The SharePoint SSL Certificate installation process consists of three steps:
-
Installing the SSL Certificate
-
If you used IIS 7 to generate your CSR, you need to use IIS 7 to install the SSL Certificate,
-
If you used the DigiCert® Certificate Utility for Windows to generate your CSR, you need to use the DigiCert Certificate Utility to import/install your SSL Certificate.
See SSL Certificate Importing Instructions: DigiCert® Certificate Utility for Windows.
-
-
Assigning or binding the certificate to your SharePoint site
See Using IIS 7 to Assign the Certificate to the SharePoint Website.
-
Installing the root certificate
SharePoint 2010: How To Install Your SSL Certificate
Using IIS 7 to Install the SSL Certificate
After DigiCert validates and issues your SSL Certificate, you can use Microsoft IIS 7 to install your SSL Certificate to the server where you generated the CSR, and then, bind it the SharePoint site.
-
Save your certificate file (your_domain_name.cer) to the server from which the CSR was generated.
-
Open Internet Information Services (IIS) Manager.
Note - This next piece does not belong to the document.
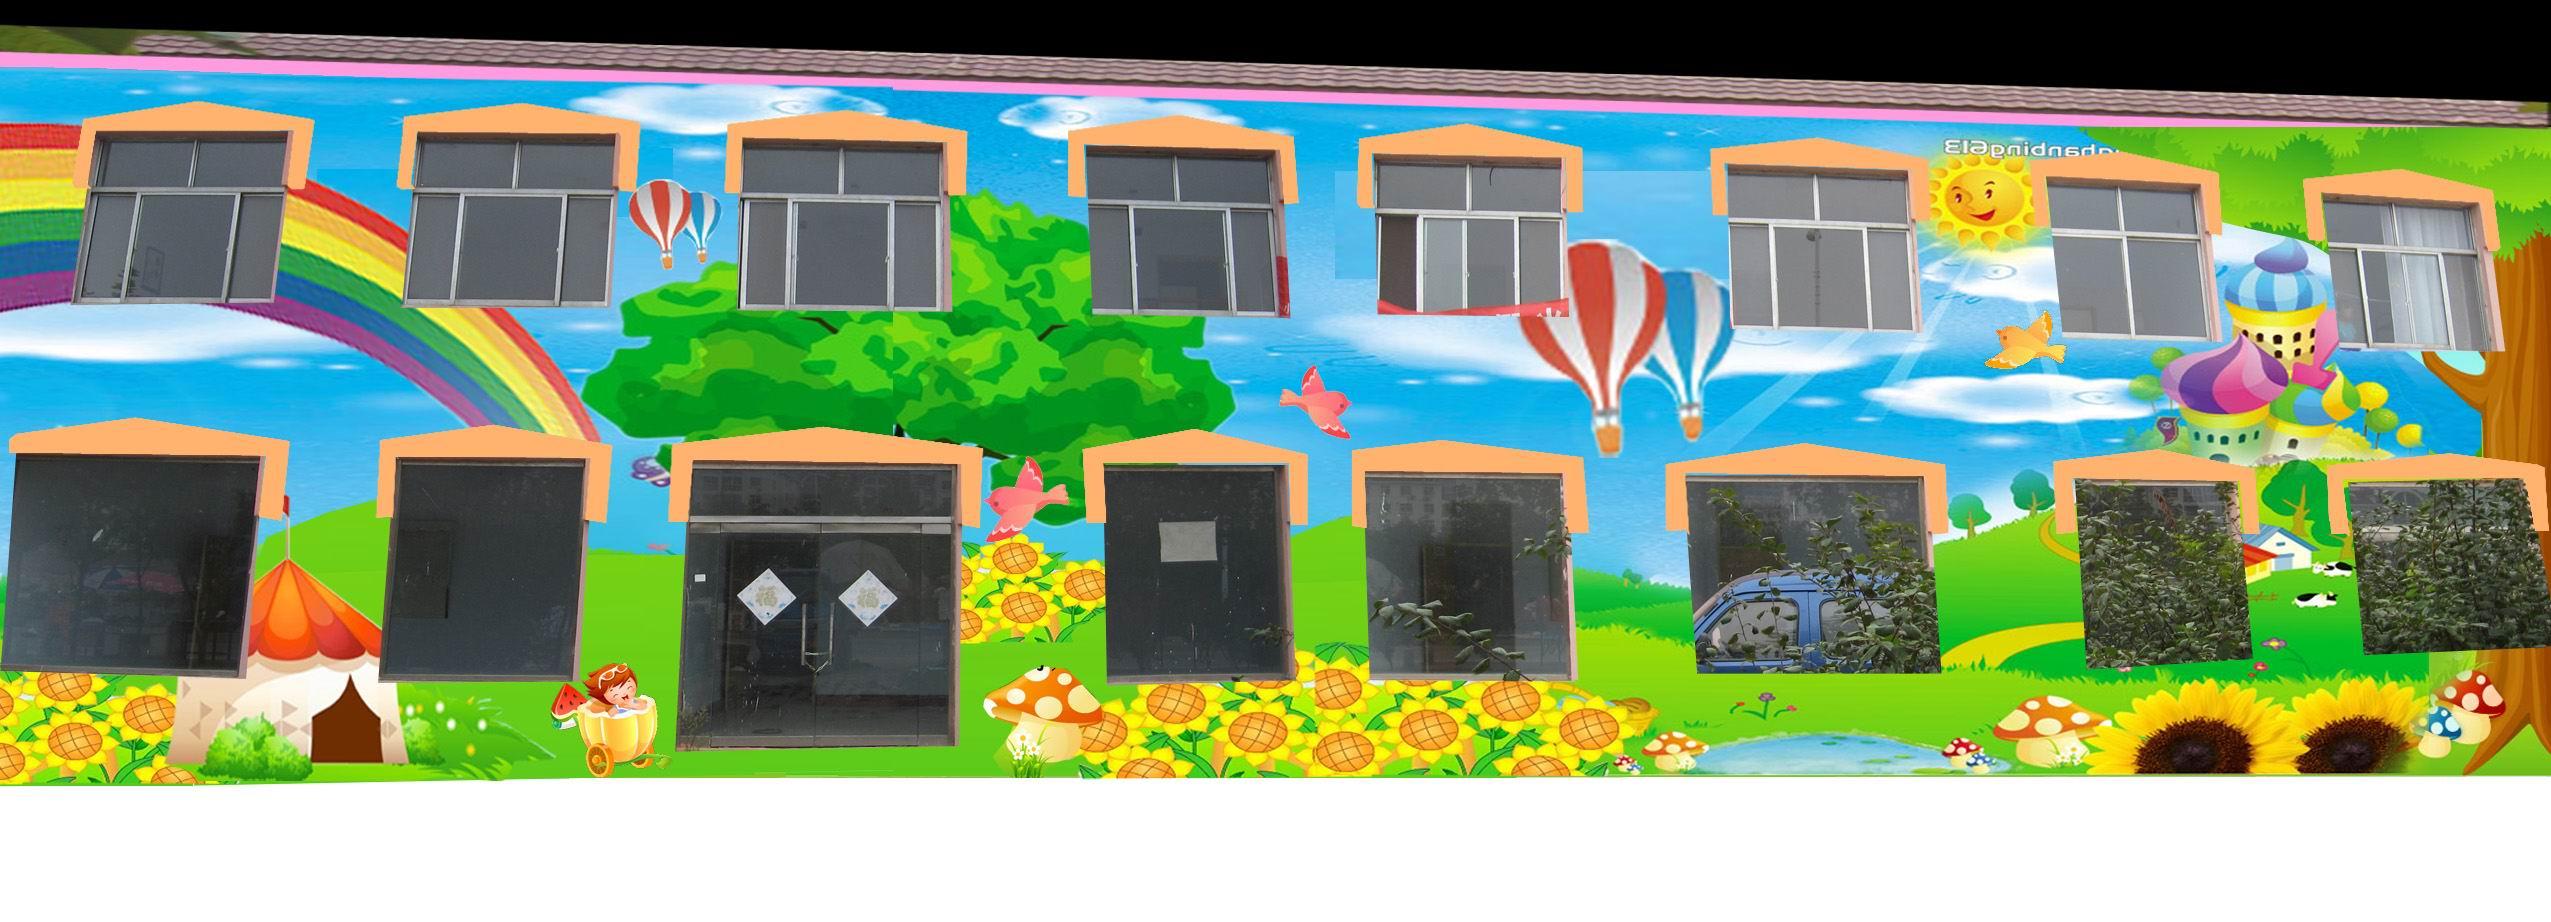 德州教室手绘壁画-幼儿园手工喷绘

On the Windows Start menu, click All Programs > Administrative Tools > Internet Information Services (IIS) Manager.
-
In Internet Information Services (IIS) Manager, under Connections, click your server’s Hostname.
-
In the center menu, in the IIS section, double-click the Server Certificates icon.
-
In the Actions menu, click Complete Certificate Request to open the Complete Request Certificate wizard.
-
On the Specify Certificate Authority Response page, under File name containing the certification authority’s response, click … to browse to the .cer certificate file that DigiCert sent you, select the file, and then, click Open.
-
Next, in the Friendly name box, enter a friendly name for the certificate. The friendly name is not part of the certificate; instead, it is used to identify the certificate.
We recommend that you add DigiCert and the expiration date to the end of your friendly name, for example: yoursite-DigiCert-expirationDate. This information helps identify the issuer and expiration date for each certificate. It also helps distinguish multiple certificates with the same domain name.
-
To install the certificate to the server, click OK.
Known Issue in IIS 7:
A known issue exists in IIS 7 where the following error message is displayed: "Cannot find the certificate request associated with this certificate file. A certificate request must be completed on the computer where it was created." You may also receive a message stating: "ASN1 bad tag value met".
Solution:
If this is the server where you generated the CSR, in most cases, the certificate is actually installed. Simply cancel the dialog window and press F5 to refresh the list of server certificates. The new certificate should now be in the list; continue with the next step.
If the new certificate is not in the list, you need to reissue your certificate as follows:
-
Create a new CSR.
See Microsoft SharePoint 2010: SSL Certificate CSR Creation Instructions. -
After creating a new CSR, login to the DigiCert® Management Console (your account). Then, next to your certificate, click Re-Key Your Certificate.
-
-
Once you have installed the SSL Certificate successfully to the server, you still need use IIS to assign or bind that certificate to the SharePoint site.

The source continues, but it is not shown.